Wednesday, June 18, 2008

Oil: Its a bubble.

This just in: At least 70% of oil futures contracts held by speculators.

Just how much oil prices are being driven by speculation became clearer yesterday as regulators revealed that Wall Street dealers, hedge funds, pension funds and other speculators hold 70 percent of the leading oil futures contracts traded in New York.

From Futures and Commodities News

Why? My take; The Fed, back in May, allowed Investment Banks (not so regulated, just sayin') to borrow money at the same rate as regulated banks--it's not called the discount rate for nothing.

Speculating on Oil is what they're doing with their new-found wealth. Proof? Morgan Stanley currently owns more oil than Exxon.

And look who predicted that Oil prices would go so high! Morgan Stanley!?

Hmmm. Seems familiar. Oil prices rose mysteriously high in the summer of 2006. Didn't prices go down by labor day?

3 comments:

Steve said...

I believe there is some truth to this, but it's the dog chasing the tail. Speculators are hopping onto the "oil boom" b/c that is where all the money has been and gains are lately, what with financials and other sectors of the stock market losing money.
The problem with speculation, which many debate how much it is actually adding to the cost, is that it's basically the "Enron loophole" we keep hearing about, allowing futures and supplies of energy, in this case oil, to be bought and controlled by NON-energy companies.

djinn said...

That's my definition of a bubble. Just like Tulip Maniain 18th century Holland.
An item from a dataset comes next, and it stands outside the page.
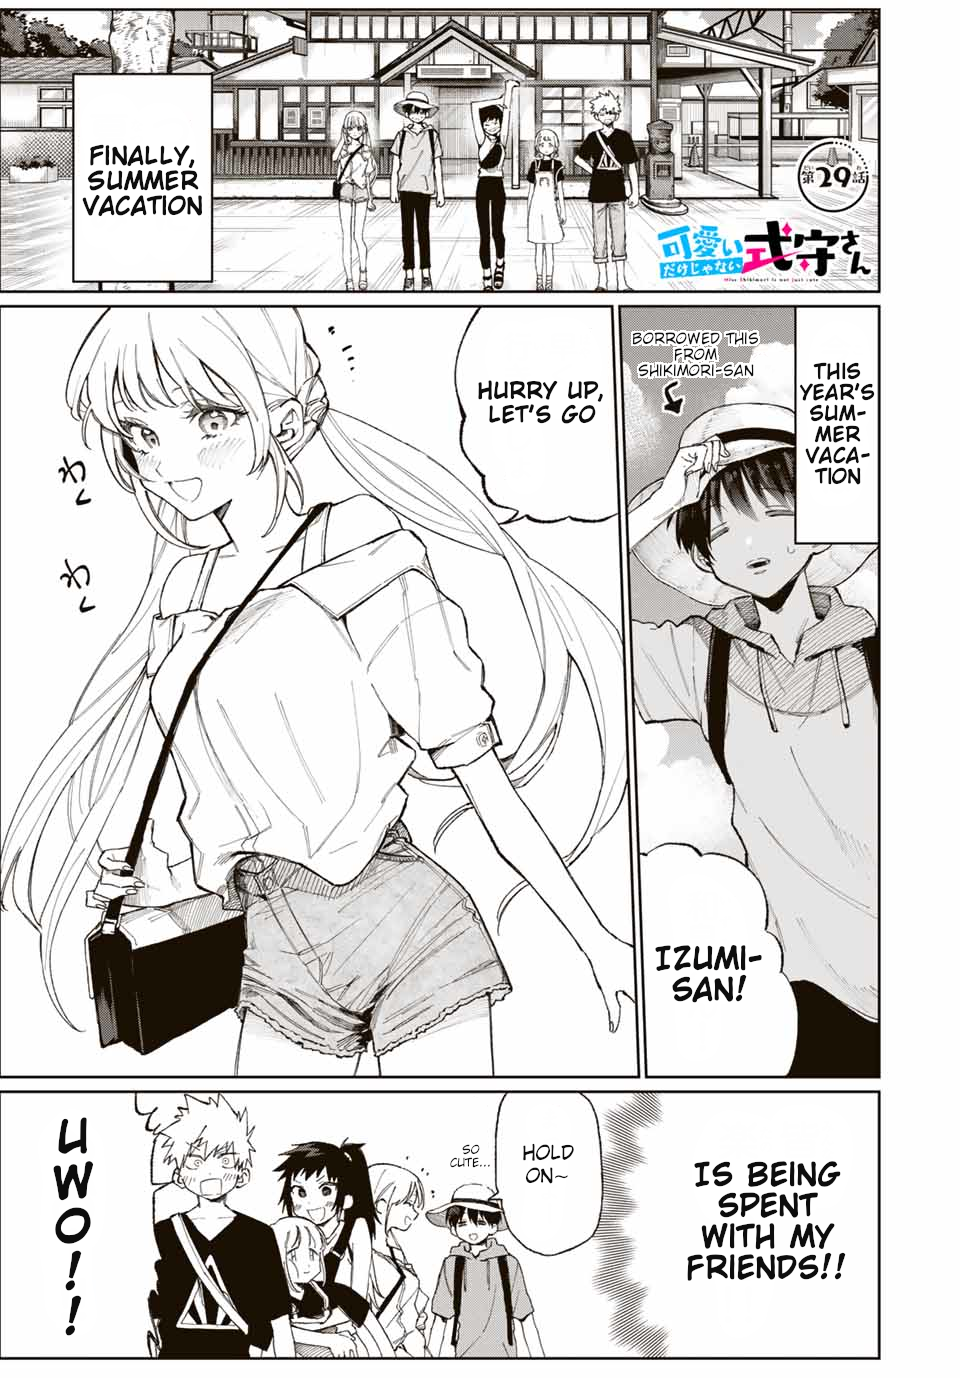 Shikimori's Not Just A Cutie Vol.2 Chapter 29 - Picture 2

It's just false demand fueled by speculation.

Steve said...

Stimmt! You got me there, haha. But I don't think it's all speculation. My guess is about 20% of the price is speculation. The rest is actual hard numbers related to demand and another good 20% is just the devaluation of the US currency exchange rates. It takes more dollars to buy the same barrel of oil from a foreign country, thus it costs more to US consumers as well. The price should probably be around $100-110 without speculation.
However, that isn't going to lower your gas at the pump much. Days less than $3.00 gasoline is probably a fairy tale.